Re: [i18n-activity] input type=email change proposals (#607)

Richard, I hope what I'm about to say has been clear from what I have said on the calls or previous discussions of related topics, but, just to get a comment on your "problems i see with the current spec text" points 2 and 3 into the file...

The specs produced by the IETF EAI WG (formally called, as those documents specify, "SMTPUTF8" because "EAI" is just the name of a now-closed WG) are extremely explicit that transformation of a local-part (the left side of the "@") to an all-ASCII form is not only not a requirement but prohibited except as part of the final delivery process.    There is not only no need to convert to an internal ASCII form, there is no way to do so.     Because many other aspects of mail addresses, headers, of handling interact with having non-ASCII local parts, an email origination and delivery path either  entirely support SMTPUTF8 or they don't.  And, if they don't, and with the understanding that this isn't anything that can be tested lexically, the mail won't go through.  

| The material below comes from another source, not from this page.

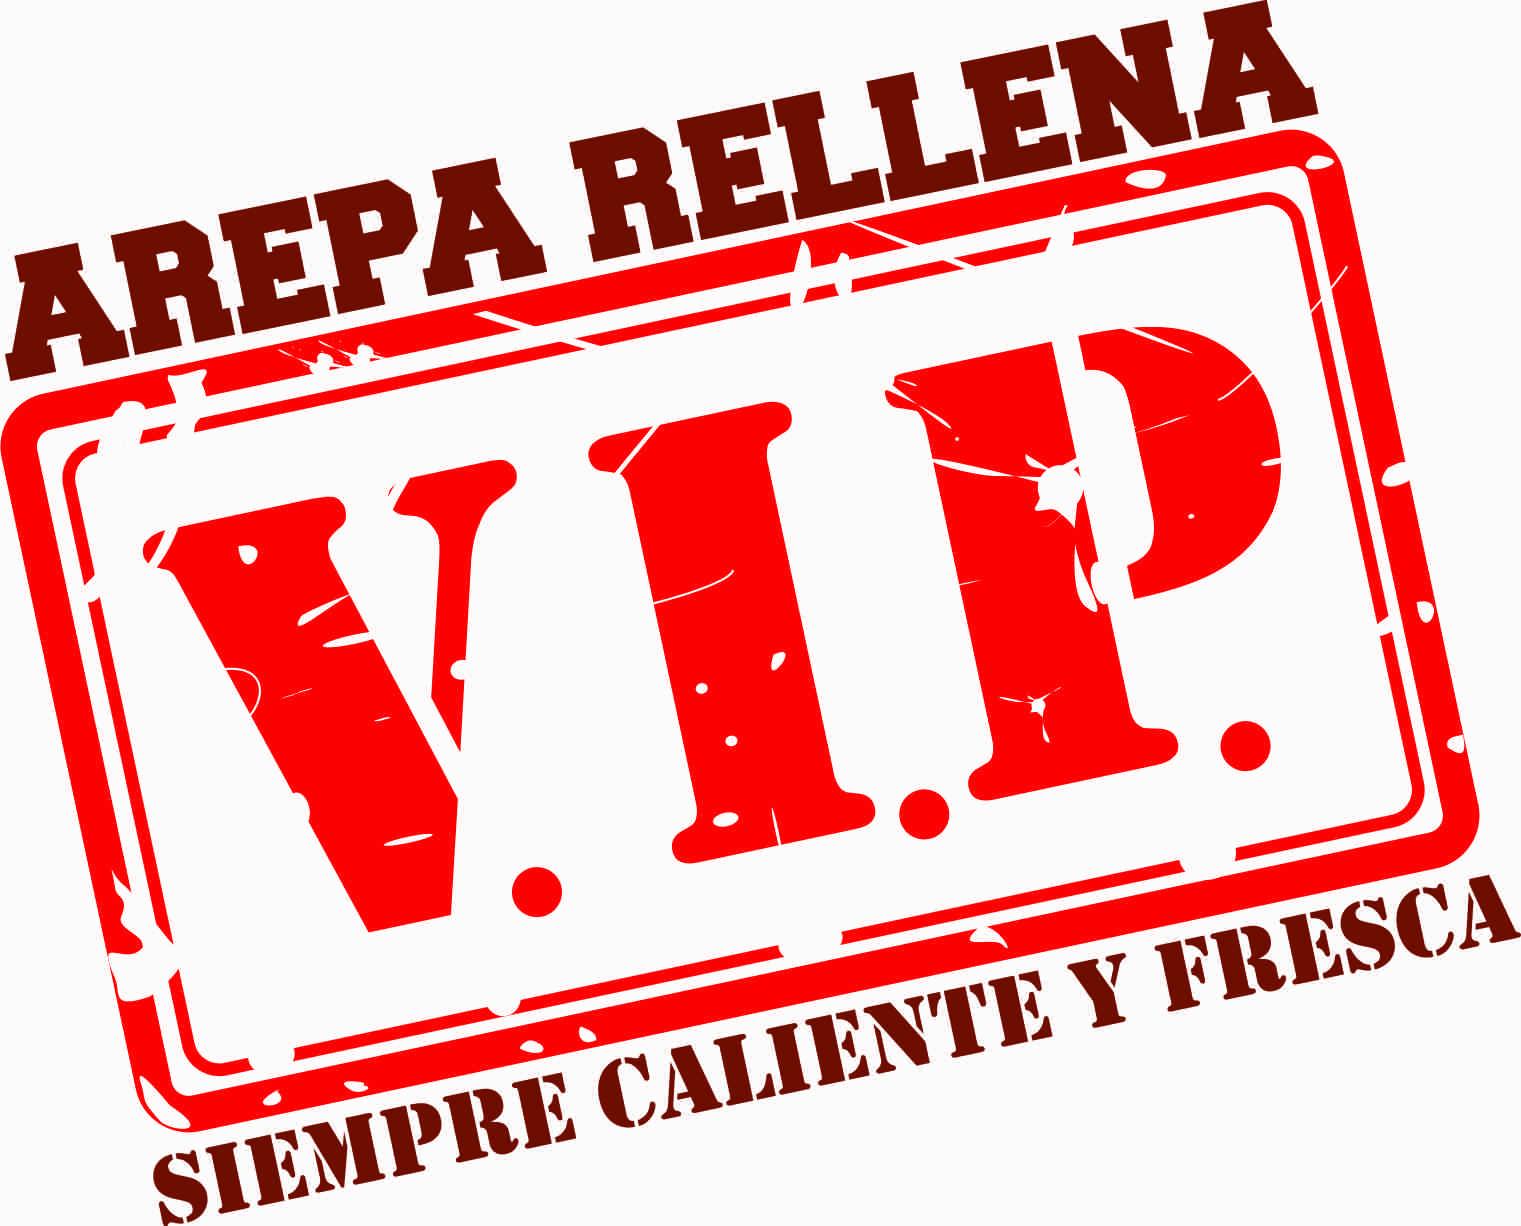 Arepas Rellenas VIP - Calle 53 MK

The barrier to any sort of ASCII-compatible encoding of the local part is that the mail transport protocol, SMTP, has been extremely flexible about the local part since its first stable version as RFC 821 in 1982.  At least one reason for the flexibility is that, since nearly the dawn of the ARPANET, email has been used to transport information other than interpersonal messages for humans and local-parts, as well as subject lines. have been used to carry instructions or metadata.   Local parts that encapsulate the addresses of completely different mail systems on the other side of gateways pose similar problems.  So, for example, some email systems are quite sure they know what a "%" means and it has to do with message routing, not hexadecimal encoding of inconvenient characters.   Similarly, a hyphen or two, slashes, colons, etc., are as or more likely to be pieces of a command line for some system as an indication of a special encoding.   The delivery system can interpret those characters any way it likes but there is no general way for an originating or relaying system to guess accurately at what the delivery system will do.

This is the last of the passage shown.